Freewheeling: Wheego Whip is an electric car for whipping around the neighborhood
Wheego was founded by computer guru Mike McQuary, former president of EarthLink. As we were driving around New York City recently in a bright blue Whip, McQuary told me he was inspired to start his company after seeing the documentary, “Who Killed the Electric Car”, about GM’s original Saturn EV-1 program.
“I’m not a car guy as much as a technology entrepreneur,” he said, and an admitted “tree hugger.” So he decided to mate his software expertise with unibody construction.
The Wheego Whip is classified as an NEV — Neighborhood Electric Vehicle — limited to city streets and country roads rated not above 35 mph, and it has a 55-mile range before recharging. McQuary has raised $2.5 million for crash testing that will boost the car’s legal limits to highway speeds, and for retooling the battery pack to lithium-iron phosphate, which is not quite as powerful (nor as expensive) as lithium-ion batteries that help power hybrids, such as the Toyota Prius, 2010 Mercedes-Benz S400 Hybrid sedan and the all-electric version of the R8 sports car recently announced by Audi.

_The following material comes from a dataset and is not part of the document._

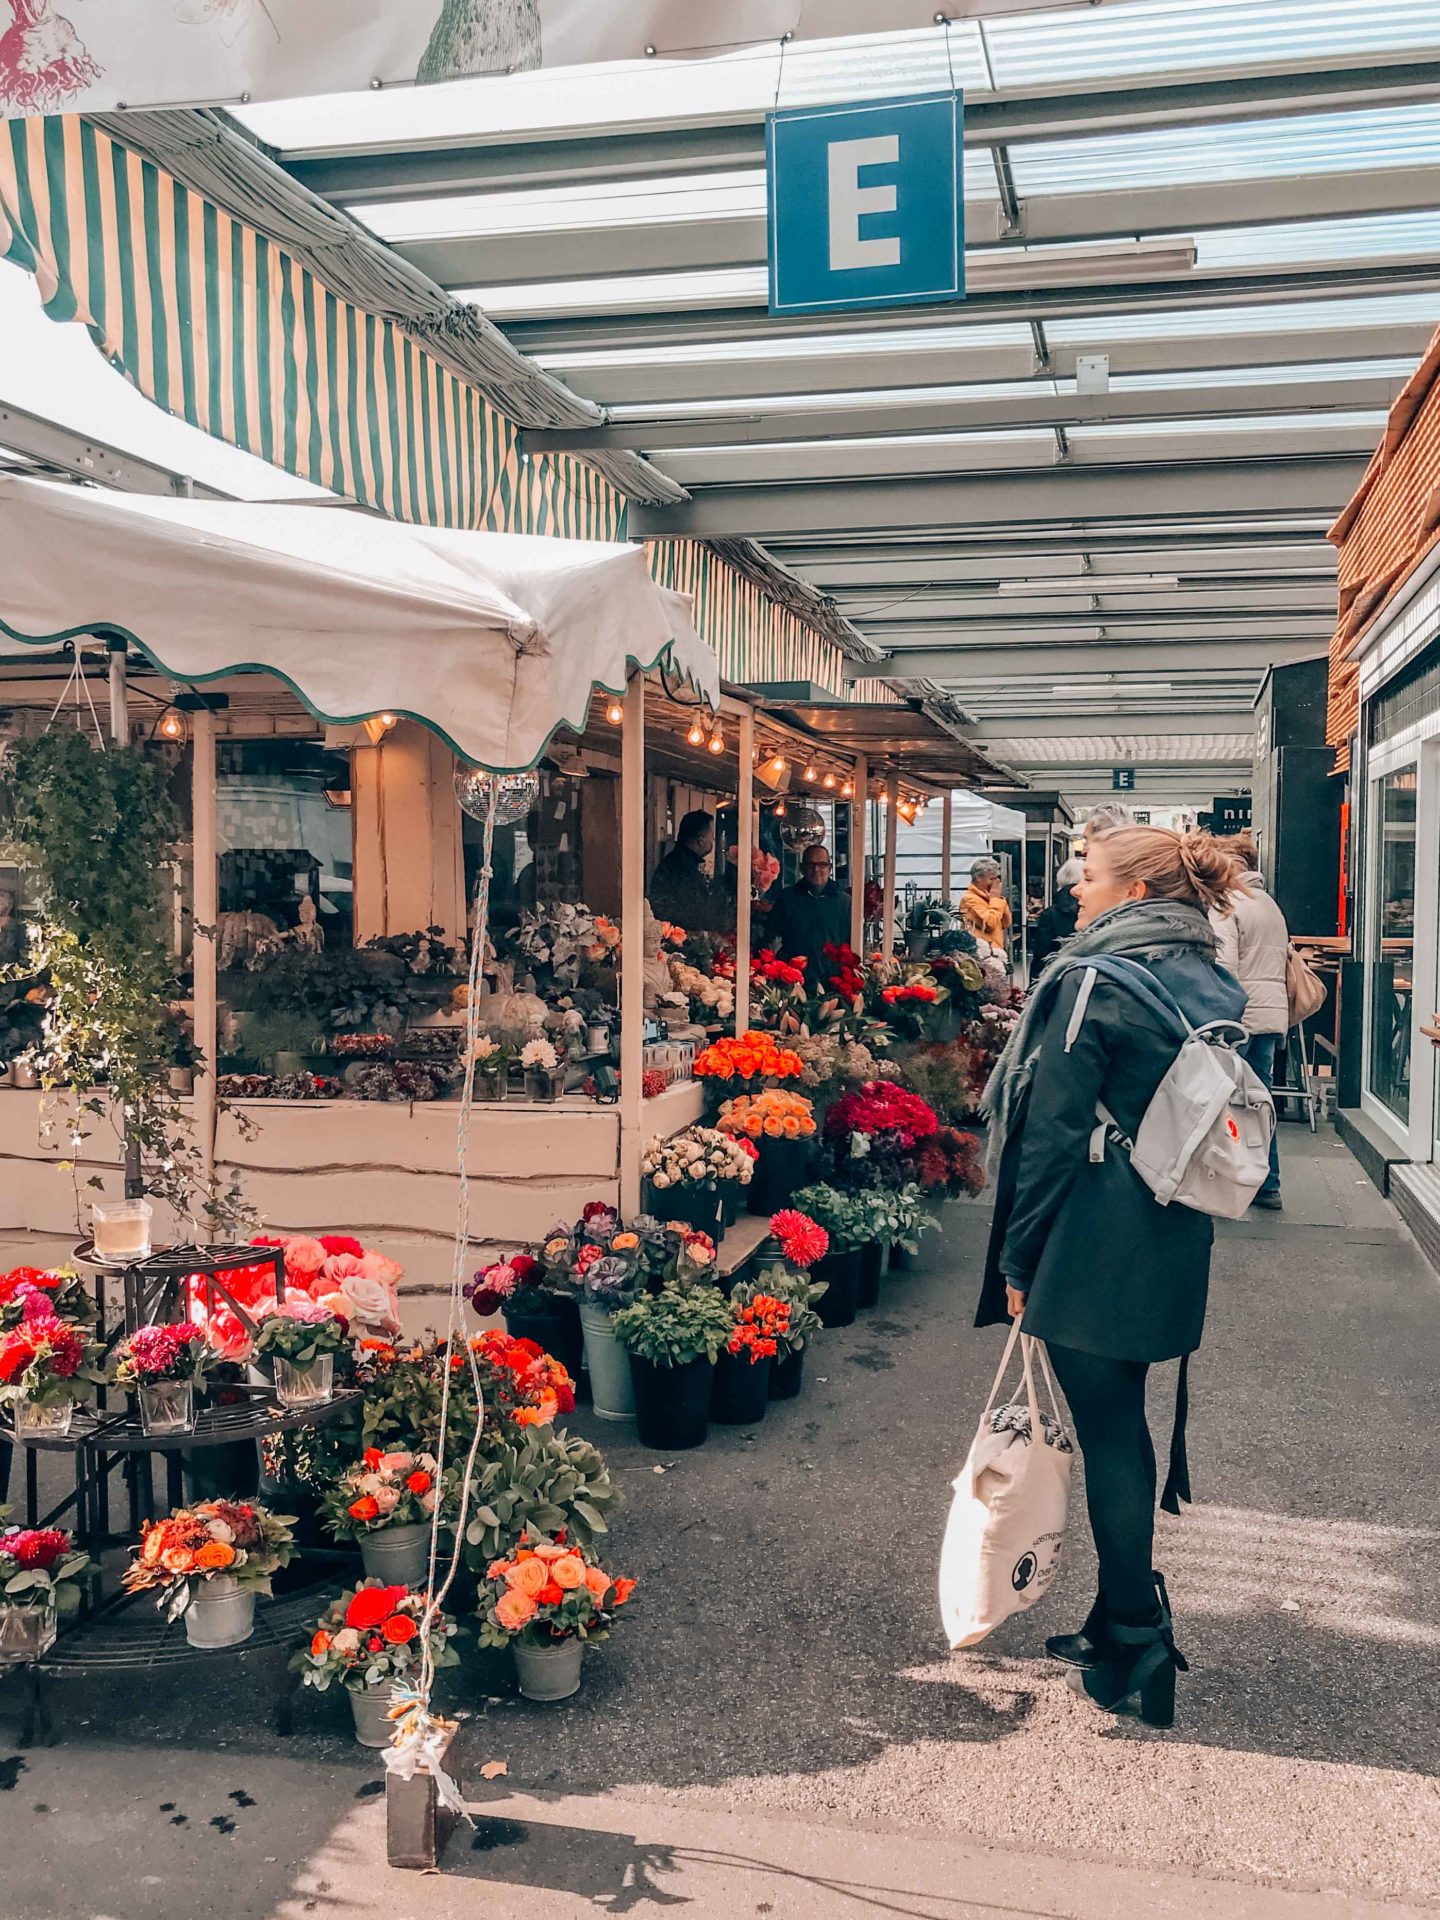 The lovely stalls in Carlsplatz market, Dusseldorf

A highway capable Whip — or FSV for Full Speed Version — will have a 100-mile range between recharging that takes 8-10 hours.
My drive time showed the Whip to have adequate acceleration, stability in turns, spot-on braking thanks to regenerative four-wheel disc brakes and a totally silent ignition start-up and operation. Oh, yes, when you close the doors, it sounds like a “real” car door, not a toy. There’s enough cargo space to fit a couple of medium-size suitcases, plus air conditioning and power windows, too.
McQuary recently announced a “trade-up” program, under which buyers of the low-speed NEV Whip can trade-up to the full-power FSV model, expected in 2010, and receive a trade-up credit of 50 percent of the original price. With a second round of federal and state tax credits, that could bring the price of the trade-up all the way down to $3,000. “We want to take care of our pioneering customers,” he said.
McQuary calls the Whip a “United Nations car”, with batteries from Canada, body and chassis from China, motor made in Wisconsin, dashboard components from Ohio, the software from Boston and company headquarters in Atlanta.
He is realistic about Whip’s marketability. “This is not the car to load up the kids for grandma’s” or a long family vacation, but it’s a second car for daily commuting and errands close to home. It’s also an ideal vehicle for teens and college students — cute, cutting-edge technology, inexpensive to buy, operate and maintain, with MP3 connection and Bluetooth in the upgrade model, plus a safety feature important to any parent: “It can’t go over 80 mph,” he told me.
The Whip is assembled in Ontario, Calif., but McQuary wants to build factories in the Midwest and East, “to save distribution costs.” For distribution and other Whip information visit wheego.net.
McQuary hopes to sell 5,000 Whips in 2010. “If the big guys sell less than 100,000 of a model after four years of research and development, they consider it a flop,” he said, but for a company the size of Wheego, that number would be a mega-volt success.

Thanks for adding my syndicated newspaper column about Wheego to your website.
It was fun to drive, and I hope it sells well. I’ve recommended it to several friends as a second, ‘errand’ car.